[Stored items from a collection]
::::::

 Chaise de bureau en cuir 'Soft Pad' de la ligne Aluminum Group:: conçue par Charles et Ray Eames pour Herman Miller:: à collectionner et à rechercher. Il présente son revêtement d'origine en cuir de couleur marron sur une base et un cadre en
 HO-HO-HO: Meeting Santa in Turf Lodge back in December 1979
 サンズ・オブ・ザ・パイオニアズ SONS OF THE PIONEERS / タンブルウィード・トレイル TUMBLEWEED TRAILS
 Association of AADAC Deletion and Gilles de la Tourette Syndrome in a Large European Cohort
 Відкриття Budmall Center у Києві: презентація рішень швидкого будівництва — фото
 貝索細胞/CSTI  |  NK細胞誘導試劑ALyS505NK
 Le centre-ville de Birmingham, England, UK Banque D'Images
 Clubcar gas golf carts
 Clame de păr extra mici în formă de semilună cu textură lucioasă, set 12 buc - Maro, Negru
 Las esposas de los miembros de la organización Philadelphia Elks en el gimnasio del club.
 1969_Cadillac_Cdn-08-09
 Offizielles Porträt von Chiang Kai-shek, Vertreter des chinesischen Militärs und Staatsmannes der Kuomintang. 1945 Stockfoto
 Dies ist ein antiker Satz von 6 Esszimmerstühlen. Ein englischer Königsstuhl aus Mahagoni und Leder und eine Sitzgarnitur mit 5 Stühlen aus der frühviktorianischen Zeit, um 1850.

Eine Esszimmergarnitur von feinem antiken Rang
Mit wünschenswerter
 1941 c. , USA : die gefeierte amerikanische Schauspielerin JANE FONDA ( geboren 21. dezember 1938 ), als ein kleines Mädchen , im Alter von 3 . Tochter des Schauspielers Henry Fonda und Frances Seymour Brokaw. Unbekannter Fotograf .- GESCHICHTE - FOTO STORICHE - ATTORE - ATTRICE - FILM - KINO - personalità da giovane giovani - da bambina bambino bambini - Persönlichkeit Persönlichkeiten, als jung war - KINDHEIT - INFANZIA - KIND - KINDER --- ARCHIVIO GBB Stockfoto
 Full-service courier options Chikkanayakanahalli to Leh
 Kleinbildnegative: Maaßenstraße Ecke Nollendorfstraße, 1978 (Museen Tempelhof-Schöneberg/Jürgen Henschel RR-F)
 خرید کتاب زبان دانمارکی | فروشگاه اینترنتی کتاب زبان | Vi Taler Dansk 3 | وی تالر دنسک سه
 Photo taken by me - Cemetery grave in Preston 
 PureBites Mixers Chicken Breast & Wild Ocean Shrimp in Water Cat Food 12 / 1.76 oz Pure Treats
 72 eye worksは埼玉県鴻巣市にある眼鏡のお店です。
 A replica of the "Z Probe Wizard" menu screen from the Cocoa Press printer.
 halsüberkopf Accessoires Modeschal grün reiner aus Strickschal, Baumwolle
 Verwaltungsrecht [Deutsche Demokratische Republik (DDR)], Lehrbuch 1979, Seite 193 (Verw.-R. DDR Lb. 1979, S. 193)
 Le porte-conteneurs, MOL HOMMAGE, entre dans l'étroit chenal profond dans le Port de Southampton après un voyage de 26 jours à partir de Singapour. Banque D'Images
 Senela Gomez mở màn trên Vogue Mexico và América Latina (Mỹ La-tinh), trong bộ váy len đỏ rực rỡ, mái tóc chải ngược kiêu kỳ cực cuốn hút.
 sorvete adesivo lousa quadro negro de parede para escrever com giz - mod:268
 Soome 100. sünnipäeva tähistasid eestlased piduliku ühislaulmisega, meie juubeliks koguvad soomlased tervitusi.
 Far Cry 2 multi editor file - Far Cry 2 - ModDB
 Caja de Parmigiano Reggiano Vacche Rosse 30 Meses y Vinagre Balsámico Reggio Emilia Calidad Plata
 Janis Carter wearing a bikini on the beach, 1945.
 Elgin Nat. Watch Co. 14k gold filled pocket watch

::::::

**WORK REQUIRED**.
Here the output must be the lines above from the line with "Clame de păr" to the line with "Offizielles Porträt von", both included, duplicated word for word and nothing else.

**ANSWER FOR THIS EXERCISE**.
 Clame de păr extra mici în formă de semilună cu textură lucioasă, set 12 buc - Maro, Negru
 Las esposas de los miembros de la organización Philadelphia Elks en el gimnasio del club.
 1969_Cadillac_Cdn-08-09
 Offizielles Porträt von Chiang Kai-shek, Vertreter des chinesischen Militärs und Staatsmannes der Kuomintang. 1945 Stockfoto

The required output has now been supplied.